We've been hearing a lot about it this past year.
Like Tide Pods and the undeniable chemistry
in A Star is Born.
No, not Gaga and Bradley Cooper.
I'm talking about Sam Elliot and his own mustache.
Where were we?
But why is female representation in America important?
This is Desi Lydic Womansplains.
(upbeat music)
Now the reason we've been hearing so much
about female representation is the 2018 midterms.
A record number of women won seats in Congress,
which is great.
But remember that's only 24% of Congress,
and women make up 51% of the population.
So the vast majority of policymakers
have never even experienced ovulation or childbirth,
or catcalling, except Ted Cruz,
he's definitely been catcalled.
Except it's usually people shouting "smile less."
I feel for you, buddy.
And representation is important.
Research shows that when women are in politics,
it's more likely women's rights will advance
in areas like pay equity, healthcare, family leave.
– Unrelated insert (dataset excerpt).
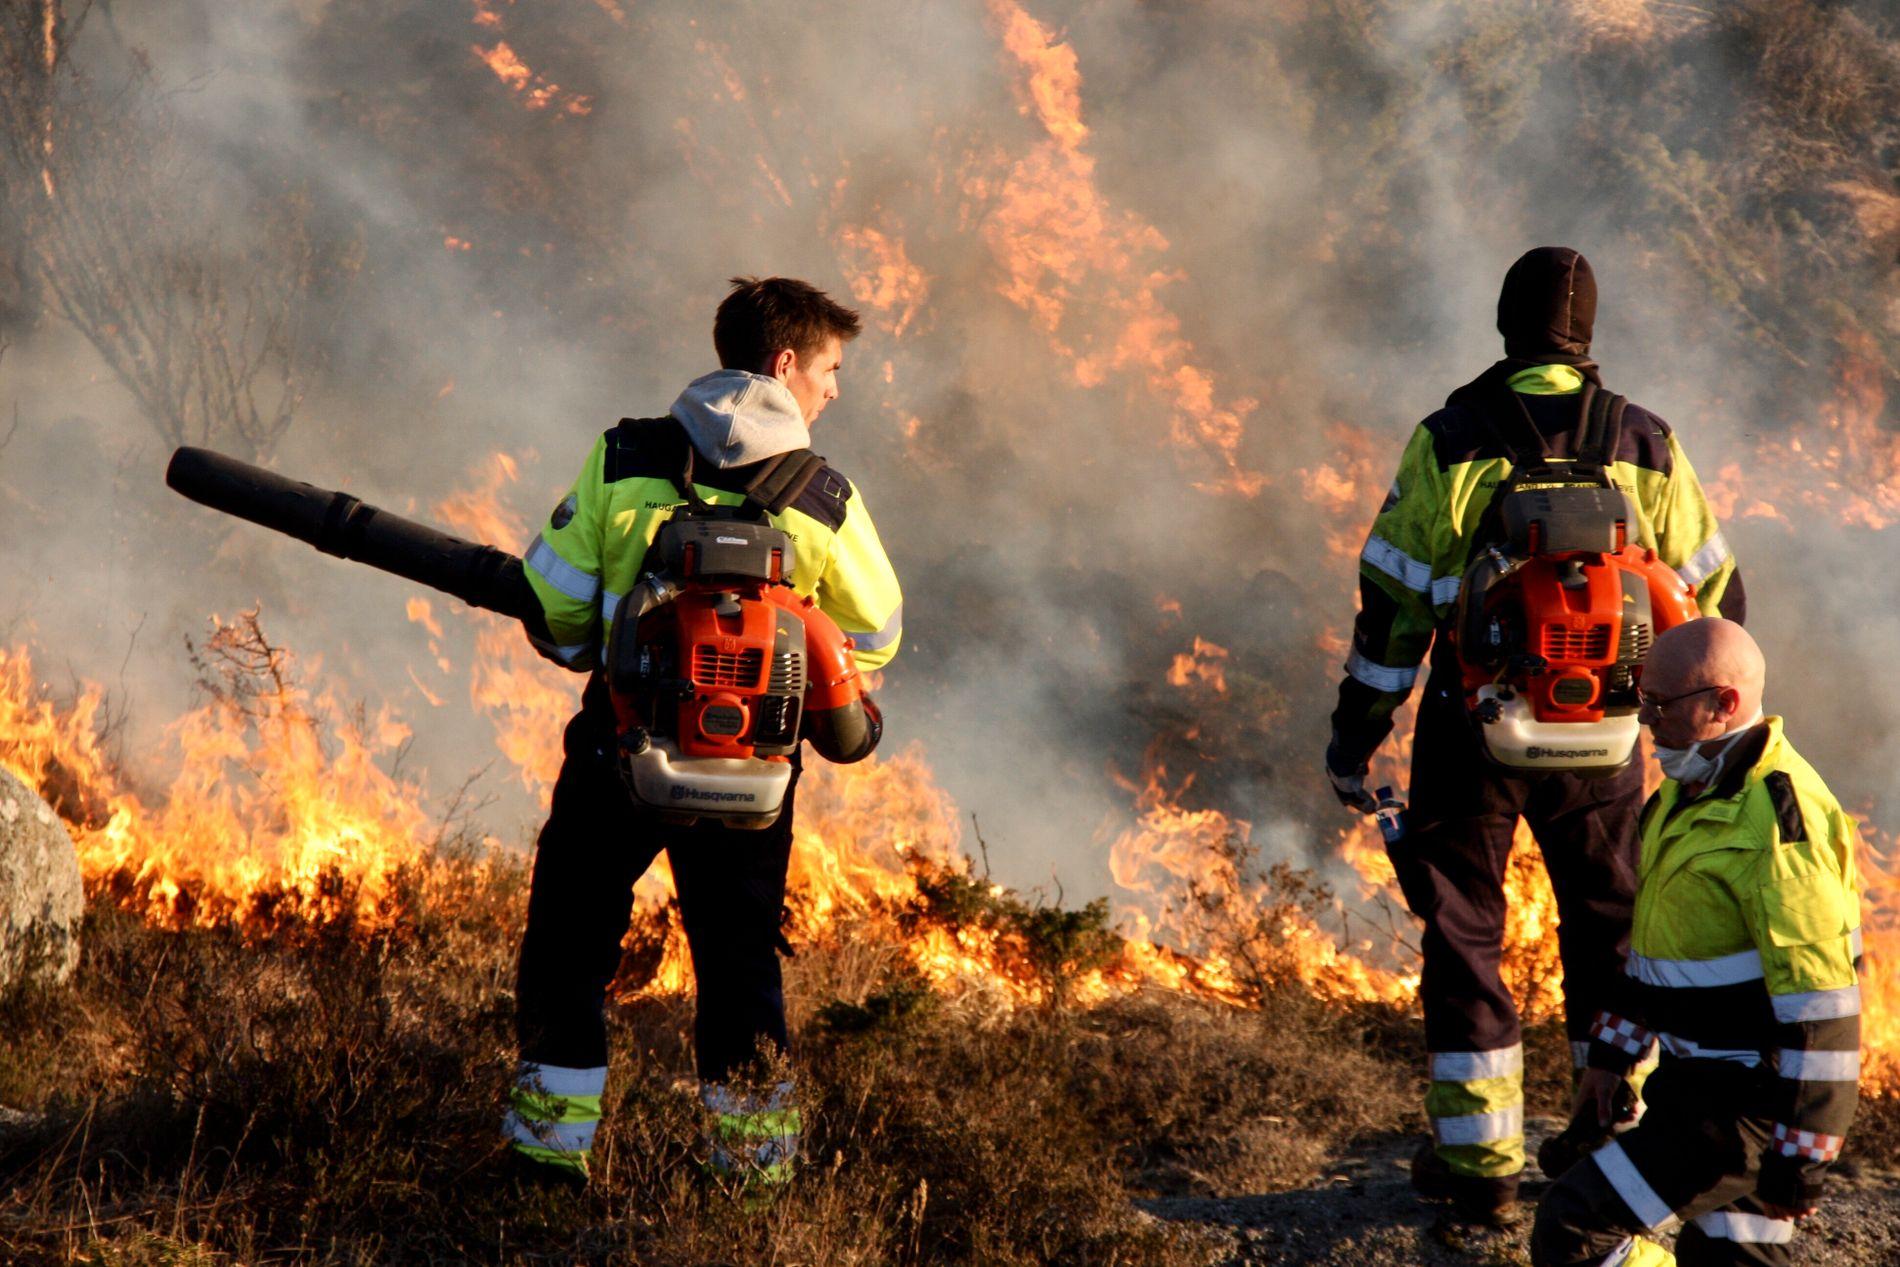 SVÆRT TØRT: Det brøt ut gressbrann i Tysvær i Rogaland lørdag. Brannen holdt det gående gjennom natten og ble slukket på formiddagen søndag.

Those are like the Hemsworth brothers of policy.
(thunder crashes)
Plus women are better at getting stuff done for everyone,
because we tend to be more bipartisan.
Even I was bipartisan for a brief time in college.
Me and my roommate Abby.
Sometimes I wonder which way she went.
It was a time to experiment.
♪ You were just waiting for me to finally come around ♪
But to understand why we're only at 24% representation,
we need to take a look back at our history.
When America was founded, all of our leaders were men.
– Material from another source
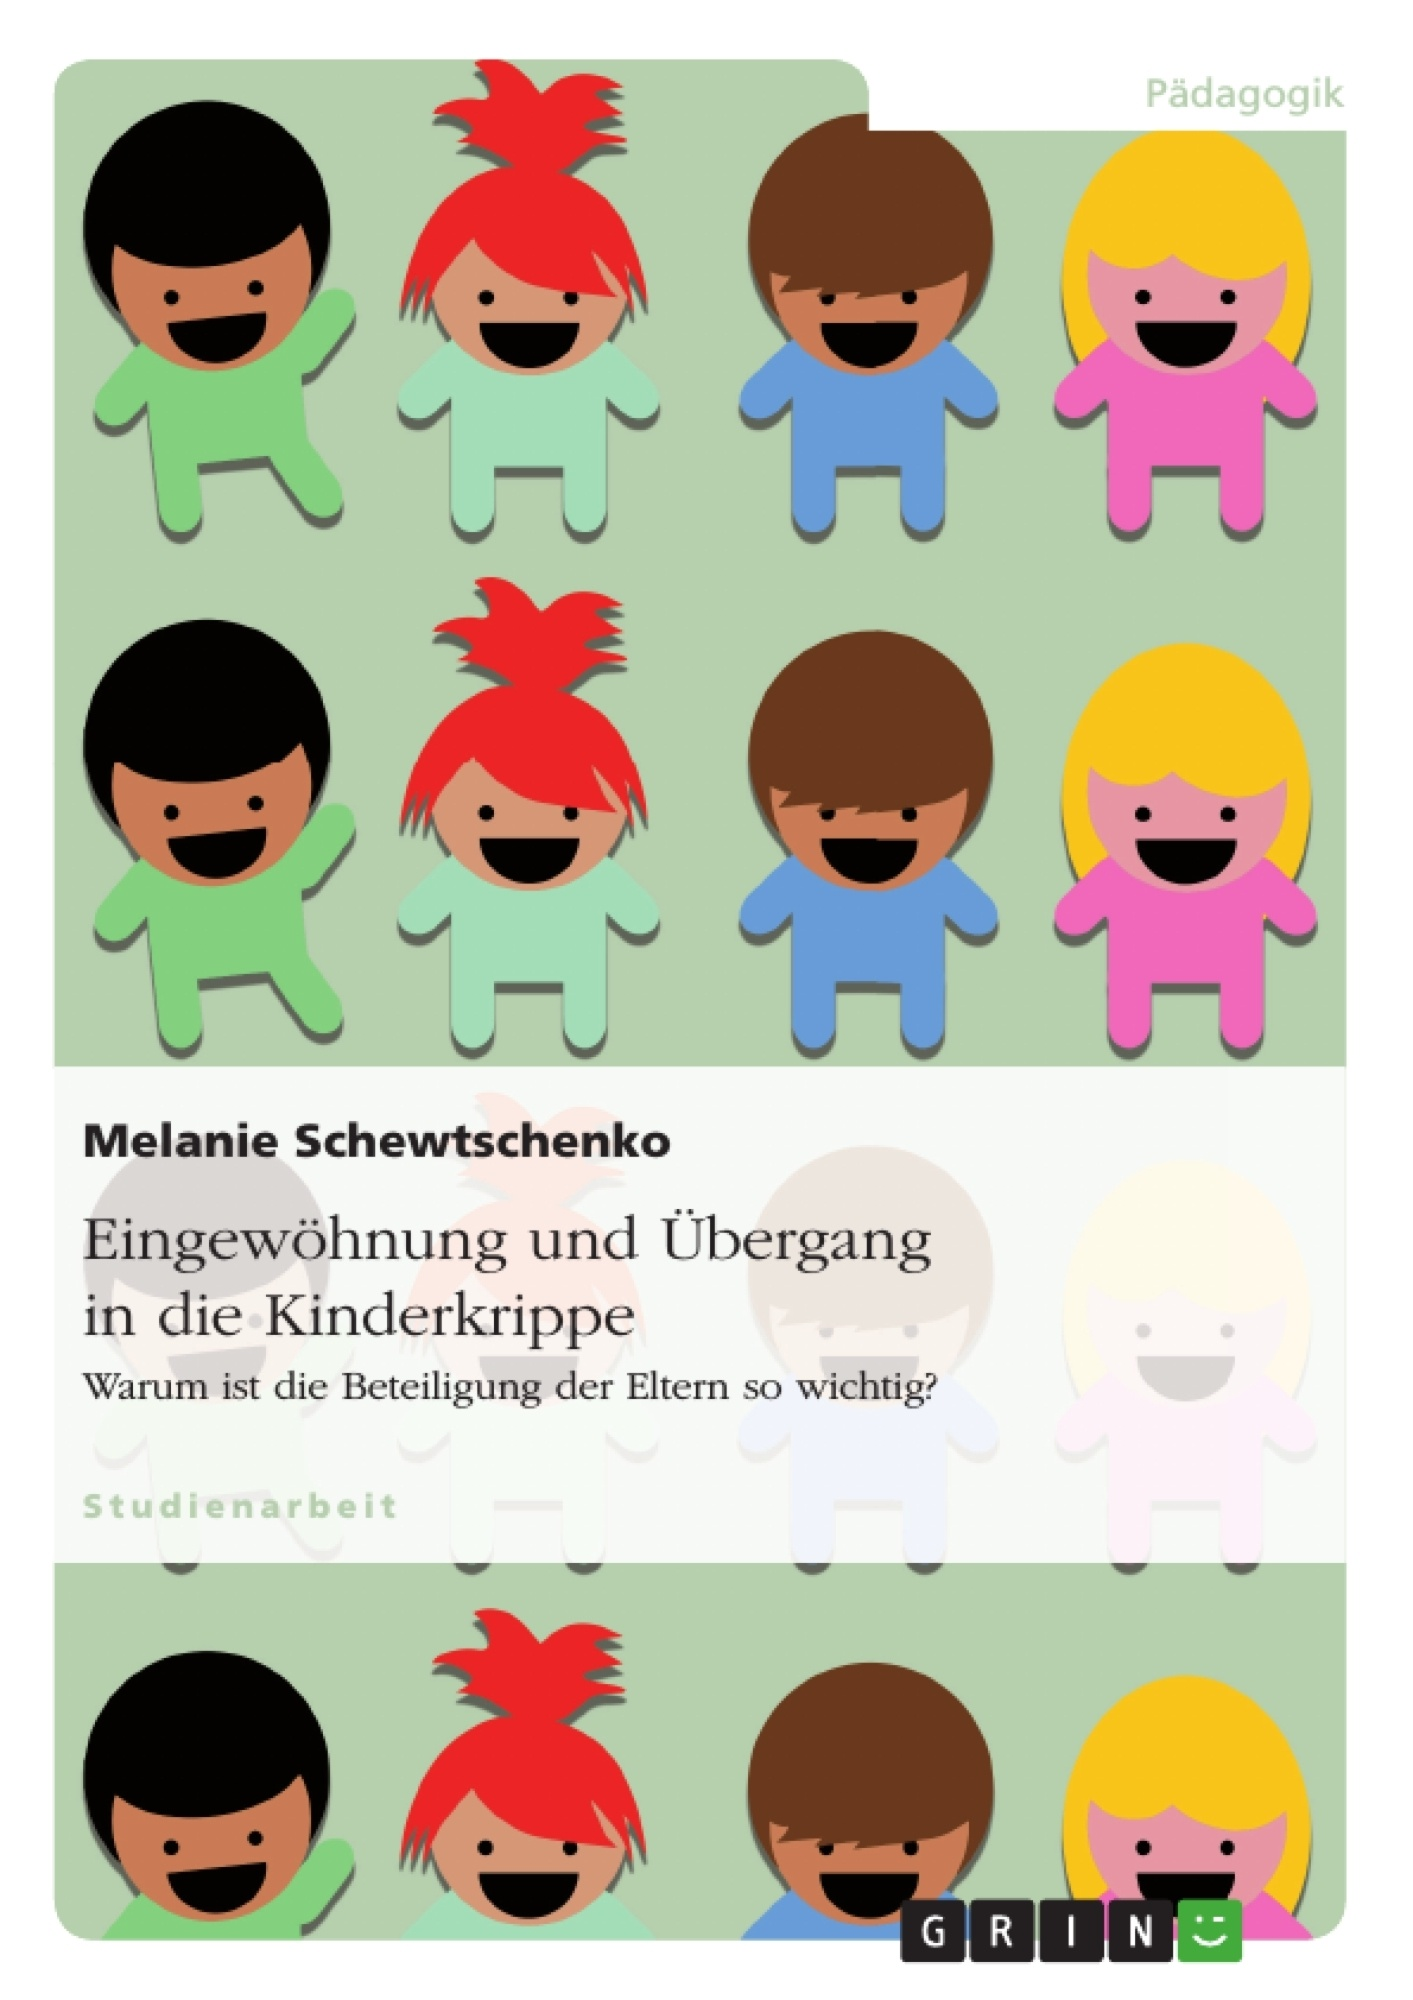 Titel: Eingewöhnung und Übergang in die Kinderkrippe

The signing of the Declaration of Independence
was a serious sausage fest, which by the way
is why we eat so many hot dogs on the Fourth of July.
What a patriot.
The first step in female representation
was fighting for the right to vote,
which began in 1848 at the first women's rights convention.
A group of abolitionists led by Elizabeth Cady Stanton
and Lucretia Mott wrote the Declaration of Sentiments,
which was modeled after the Declaration of Independence,
making it not only the beginning of women's suffrage,
but also the first all-female reboot.
Thankfully, Twitter trolls hadn't been invented yet.
And those women didn't just talk about representation,
they fought to make it happen.
In 1872, Susan B. Anthony was arrested and tried
for even attempting to vote.
Susan B. was the Cardi B. of her time.
You couldn't fuck with her even if you wanted to.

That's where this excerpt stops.